**PROBLEM:** Take the entries that follow and return exactly the lines from the one holding "Akatsuki Logo Red Cloud Pattern Wallpaper" through the one holding "Golden Stallion design on a cardboard coffin", both included. Nothing else is needed.

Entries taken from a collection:
####################
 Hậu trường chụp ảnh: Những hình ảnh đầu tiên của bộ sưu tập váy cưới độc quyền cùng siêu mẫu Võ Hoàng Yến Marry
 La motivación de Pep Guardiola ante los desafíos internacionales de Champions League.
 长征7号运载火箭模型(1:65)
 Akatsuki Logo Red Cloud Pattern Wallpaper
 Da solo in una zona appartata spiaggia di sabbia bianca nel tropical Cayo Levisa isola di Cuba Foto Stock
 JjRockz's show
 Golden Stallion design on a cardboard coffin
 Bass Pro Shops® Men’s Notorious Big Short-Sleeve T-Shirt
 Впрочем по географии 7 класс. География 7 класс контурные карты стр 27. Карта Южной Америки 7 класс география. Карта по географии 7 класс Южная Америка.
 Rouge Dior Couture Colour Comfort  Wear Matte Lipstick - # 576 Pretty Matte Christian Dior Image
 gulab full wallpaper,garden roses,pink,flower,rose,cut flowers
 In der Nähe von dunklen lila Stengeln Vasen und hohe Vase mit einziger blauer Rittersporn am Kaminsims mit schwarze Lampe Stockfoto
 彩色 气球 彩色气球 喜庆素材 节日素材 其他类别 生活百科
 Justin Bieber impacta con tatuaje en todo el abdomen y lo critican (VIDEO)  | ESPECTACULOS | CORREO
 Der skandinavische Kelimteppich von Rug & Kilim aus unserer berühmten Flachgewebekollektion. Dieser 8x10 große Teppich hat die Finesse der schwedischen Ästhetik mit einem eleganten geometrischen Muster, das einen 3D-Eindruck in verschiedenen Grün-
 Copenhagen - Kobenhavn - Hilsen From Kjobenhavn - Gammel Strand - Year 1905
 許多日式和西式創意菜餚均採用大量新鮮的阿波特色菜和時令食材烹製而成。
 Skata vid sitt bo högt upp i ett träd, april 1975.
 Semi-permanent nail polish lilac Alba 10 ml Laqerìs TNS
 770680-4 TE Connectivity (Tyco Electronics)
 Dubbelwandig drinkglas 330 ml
####################
**TASK ANSWER:**
 Akatsuki Logo Red Cloud Pattern Wallpaper
 Da solo in una zona appartata spiaggia di sabbia bianca nel tropical Cayo Levisa isola di Cuba Foto Stock
 JjRockz's show
 Golden Stallion design on a cardboard coffin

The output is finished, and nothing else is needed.